Cellulosic ethanol won’t reach first-generation price until 2020 — study

E&E  • Posted: Monday, November 21, 2011

Even with subsidies, ethanol made from crop waste or wood chips won’t be competitive with fuel made from corn until 2020 at the earliest, which is at the tail end of the most optimistic industry predictions, a new study said this week.

So-called second-generation ethanol faces significant extra costs due to the need for pre-treatment of the sturdy, cellulose-rich raw materials, as well as the more complex enzymes employed, says the study by the Department of Wood Science at the University of British Columbia.”Production requires significant cost reductions and at least the same level of financial support that was given to the first-generation systems if second-generation ethanol is going to be fully competitive by 2020,” said the study’s lead author, Jamie Stephen.Cellulosic ethanol’s potential appears to be enormous. With over 1.3 billion tons of biomass available for ethanol production, the United States could in theory replace all gasoline made from imported oil with ethanol.

The corncobs, wood chips, grasses, leaves and husks used in the second-generation plants must be pre-treated at high temperatures to make the tough biomass more receptive to fermentation. The material is then processed with enzymes to turn cellulose into sugar that can be fermented and distilled into ethanol, much the same way that grain-based ethanol is today.

“Researchers and companies are going to have to concentrate on reducing the cost of pre-treatment and increasing the output of the digester in order to reduce the costs,” said Stephen.

First-generation ethanol, which is obtained from the starch and sugars in corn and sugar cane with the help of enzymes, has boomed in the past 15 years as the U.S. government mandated more production and increased the amount of fuel allowed to be blended with gasoline. Because it is made from food crops, it has been criticized for contributing to increasing food prices globally. Some studies have argued it may not save as much greenhouse gas emissions as hoped compared with gasoline.

Driving down the cost curve

That’s why second-generation ethanol, while more expensive, is attractive. The U.S. government ramped up support for advanced biofuels with new loan guarantees and grants for the industry earlier this year.

“Not only is cellulose the most abundant polymer on Earth, but it also cannot be digested by humans, so using it for fuel production does not compete directly with food supplies,” Stephen said.

The top ethanol producer in the United States, POET, plans to open the first commercial cellulosic fuel plant in Iowa in 2013. According to the company, its ethanol will reduce carbon dioxide emissions by 111 percent over gasoline, meaning it will actually have negative emissions. By 2022, POET wants to reach 3.5 billion gallons of annual capacity, using various cellulosic feedstocks from across the country.

POET says it now makes cellulosic ethanol for $2.35 per gallon and wants to drive that down to $2 per gallon by the time the commercial plant starts. Novozymes, the world’s largest producer of industrial enzymes, started selling an enzyme last year that it said could bring the cost of cellulosic ethanol to the $2 level.

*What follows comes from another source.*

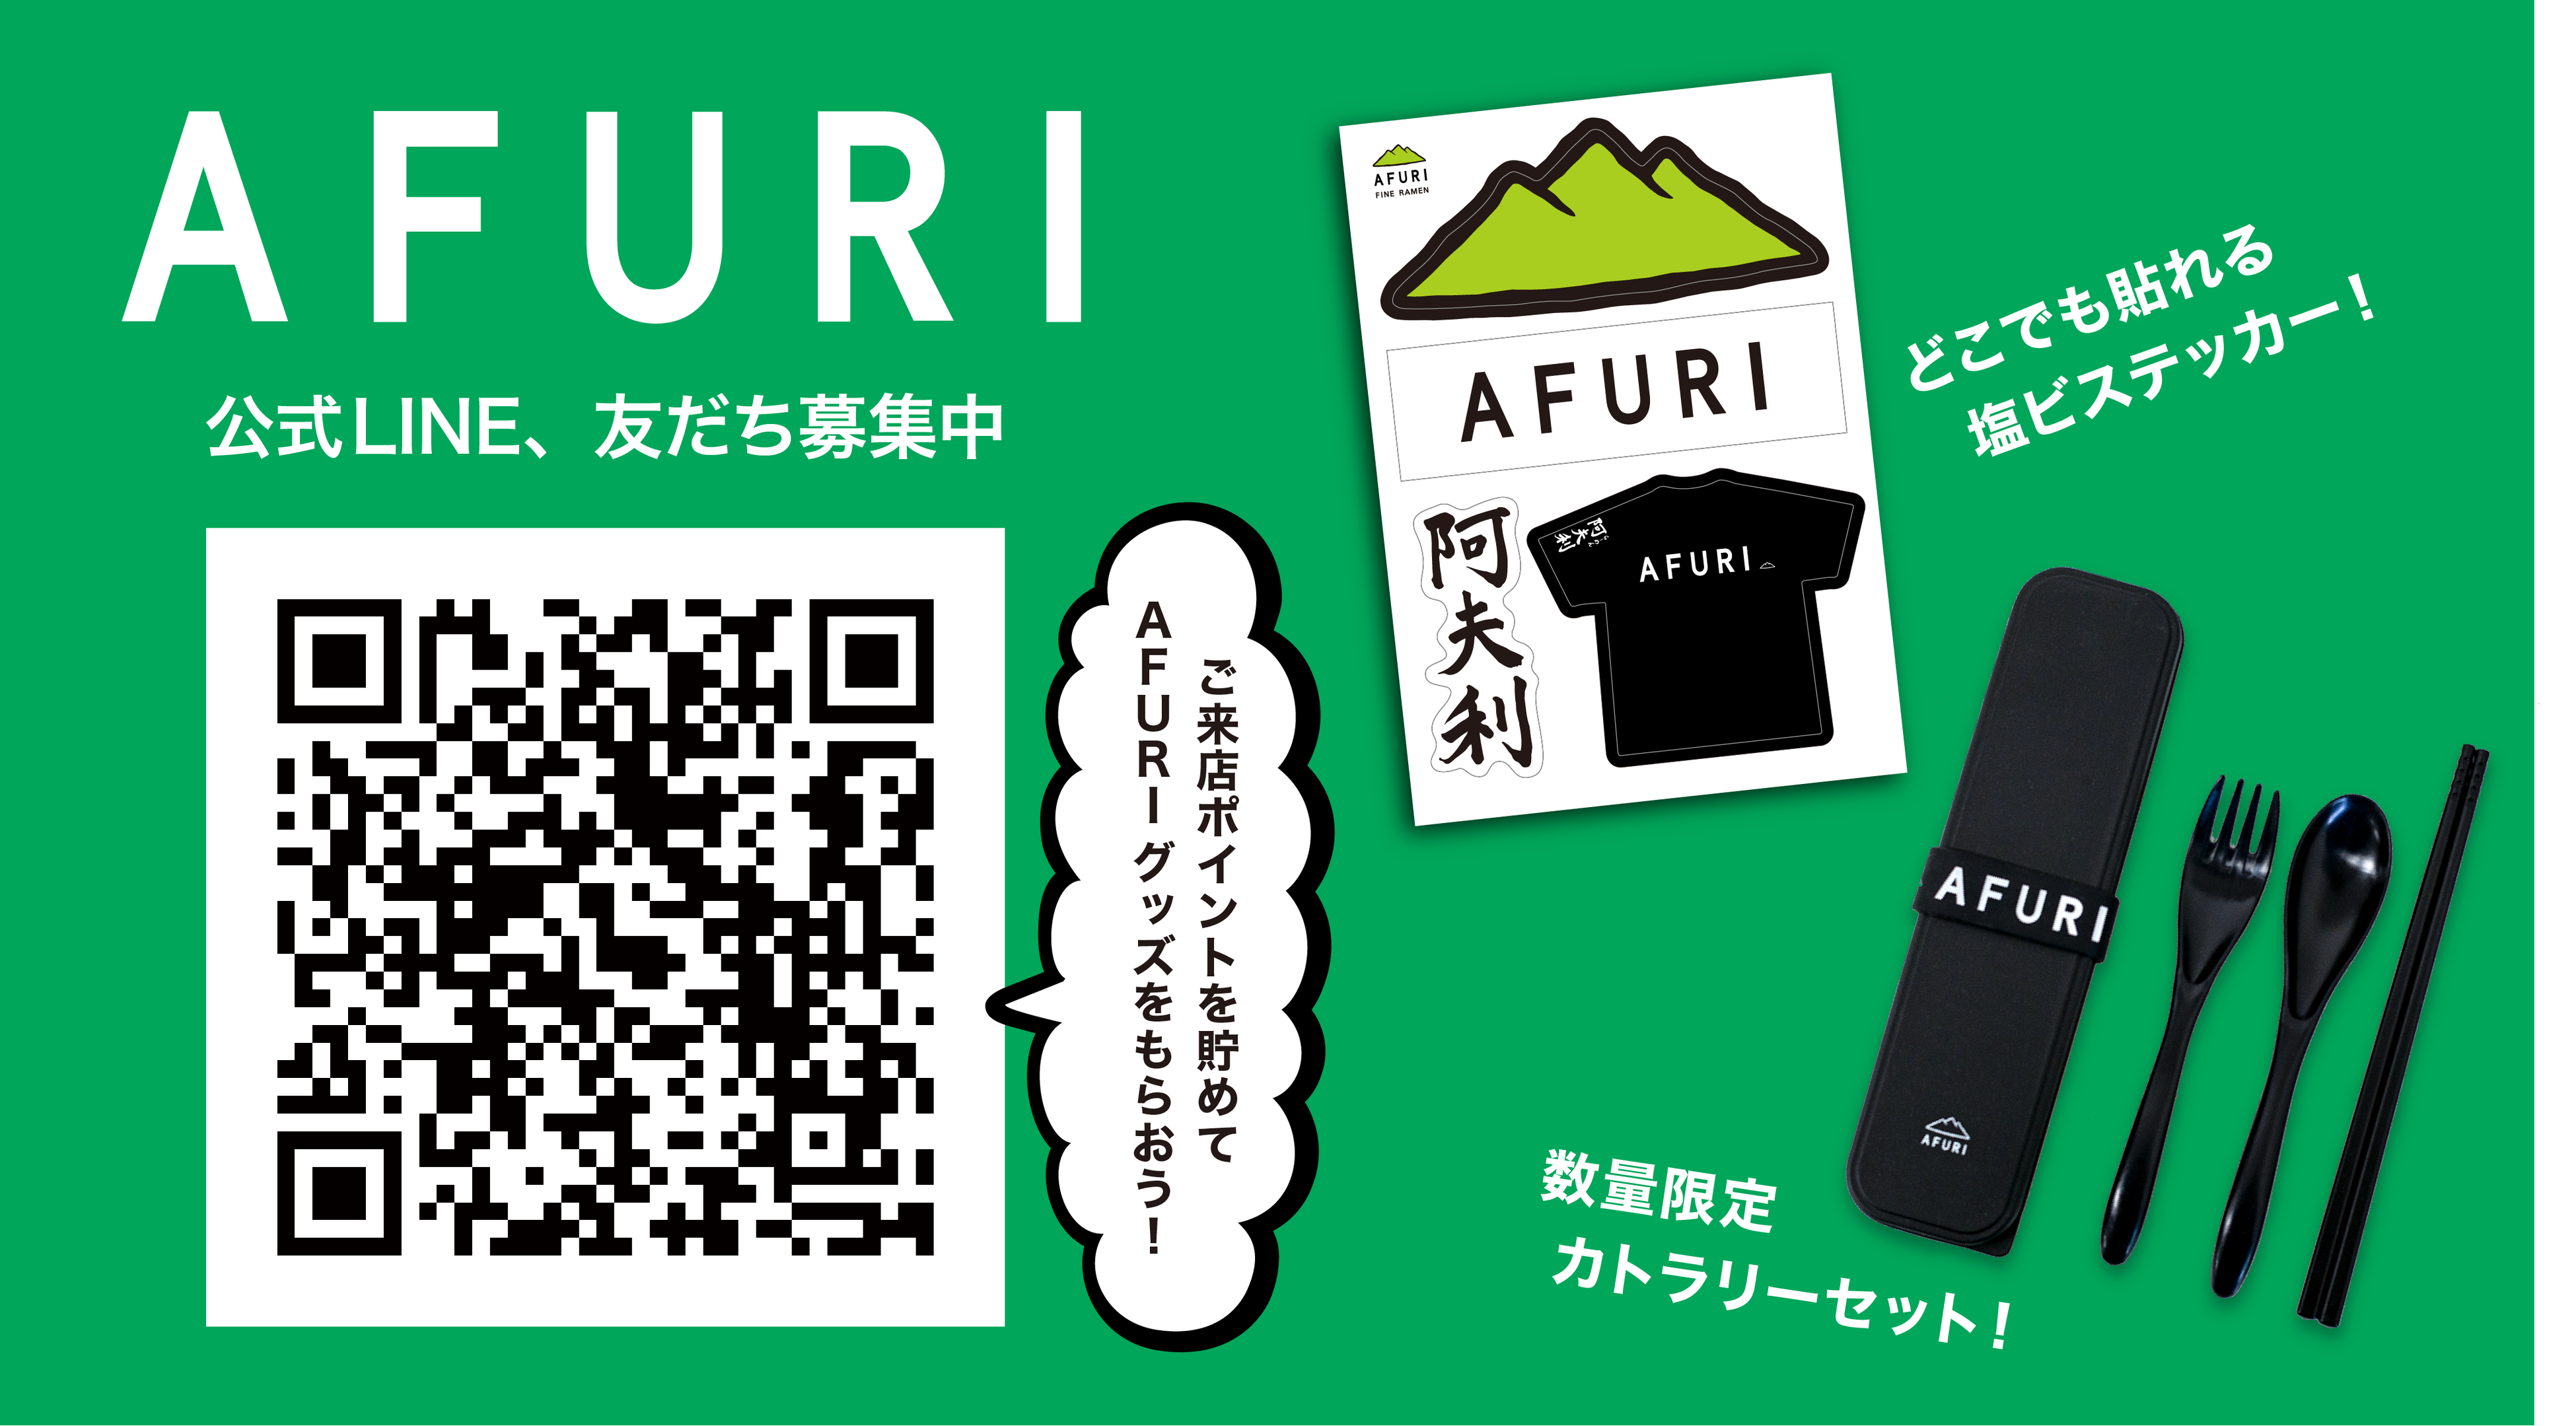 AFURIの公式LINEアカウント

As enzyme technology continues to improve, POET aims to produce cellulosic ethanol at a price competitive to that of the first-generation fuel between 2018 and 2020. Still, it will be a challenge to compete with regular ethanol produced from sugar cane in Brazil, which costs as little as 73 cents per gallon today.

Second-generation ethanol is also more costly because lignocellulose contained in farm wastes is made of multiple kinds of sugar that are difficult to extract and break down. Meanwhile, cornstarch consists of pure glucose, which is much easier to deal with.

“Despite much effort and progress over the last few years, the cost of using cellulase enzymes is still significantly higher than for amylase-based processes, and will need to be reduced substantially before lignocellulose starts to become competitive with corn and sugar cane as a feedstock,” Stephen said.

While conceding the point, the industry says its main objective is not to compete with first-generation ethanol, but to compete with gasoline, which should happen long before 2020. An Italian company, Gruppo Mossi & Ghisolfi, which began building the world’s first commercial-scale cellulosic ethanol plant this year, says its fuel will already be price competitive with gasoline when the $160 million plant opens next year.

It will make 13 million gallons of ethanol per year from wheat stalks, rice husks or a grass similar to bamboo.